September 17, 2019  By  Ellen Cools

Photo: Annex Business Media

The government of B.C. today announced $69 million in funding for a new series of measures aimed at supporting Interior B.C. forest workers impacted by mill closures and shift reductions.

“The previous government knew that the end of mountain pine beetle harvest would disrupt the lives of forest workers, contractors and communities, but they did little to prepare for this inevitable transition,” said B.C. Premier John Horgan in a statement. “While the forest sector must reduce surplus milling capacity to remain competitive, it cannot do so at the expense of the workers, contractors and communities who built the industry. Our government will ensure that forest workers impacted by mill closures are supported.”

Premier Horgan and Doug Donaldson, Minister of Forests, Lands, Natural Resource Operations and Rural Development, met with the CEOs of major Interior B.C. forest companies to set out measures to support forest workers, including:

  • $40 million to create a cost-shared, early-retirement bridging program for older forest workers
  • $15 million for a new short-term forest employment program focused on fire prevention and community resiliency projects
  • $12 million to help workers access skills training, and for employer and community grants for training
  • $2 million for the creation of a job placement co-ordination office that will track the transition and employment of impacted forest workers individually
  • Community support grants that will provide short-term assistance to communities severely impacted by the closure of a major forest employer

“The province is committed to supporting the people impacted by this change, but we need the forest industry and the federal government to step up and do their part as well,” Donaldson said in a statement. “I’m hopeful that the Interior forest sector recognizes that the new industry that will arise from this transition will need skilled, experienced workers to produce new forest products that can compete in global markets.”

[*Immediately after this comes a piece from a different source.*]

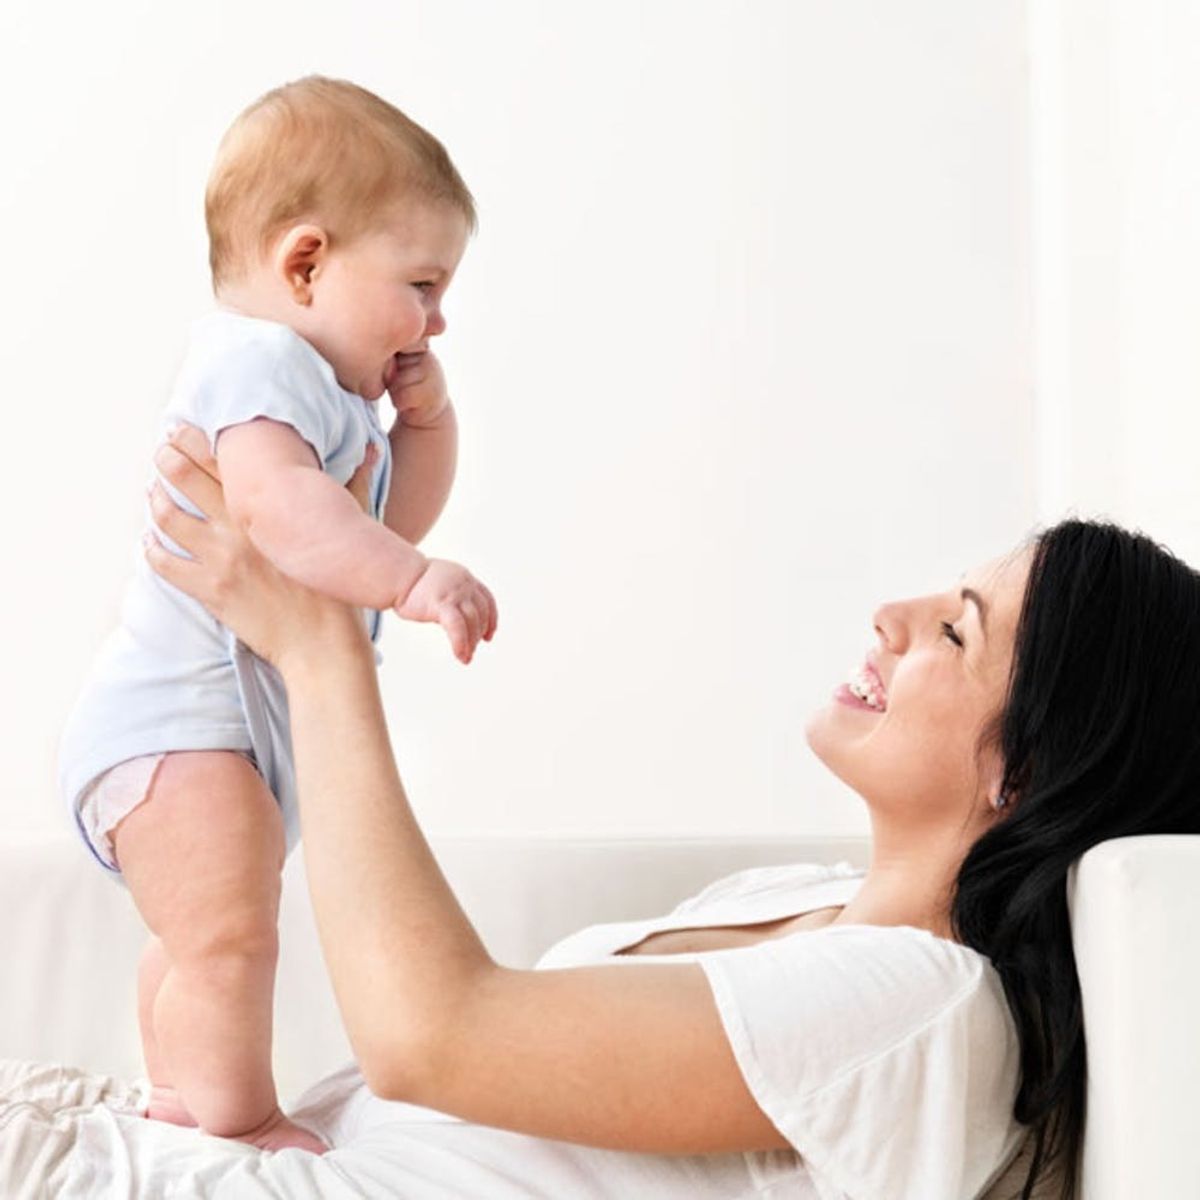 5 Easy Ways to Hold Your Baby to Help Them Get Stronger

“We appreciate the province recognizing these supportive measures needed for impacted workers as industry adapts to declining timber supply. This funding for workers’ support aligns with our efforts at West Fraser to ensure continuing employment and opportunity for our hard-working employees and their families as industry works together with government on longer-term solutions to our current challenges,” said Ray Ferris, CEO, West Fraser, in a statement.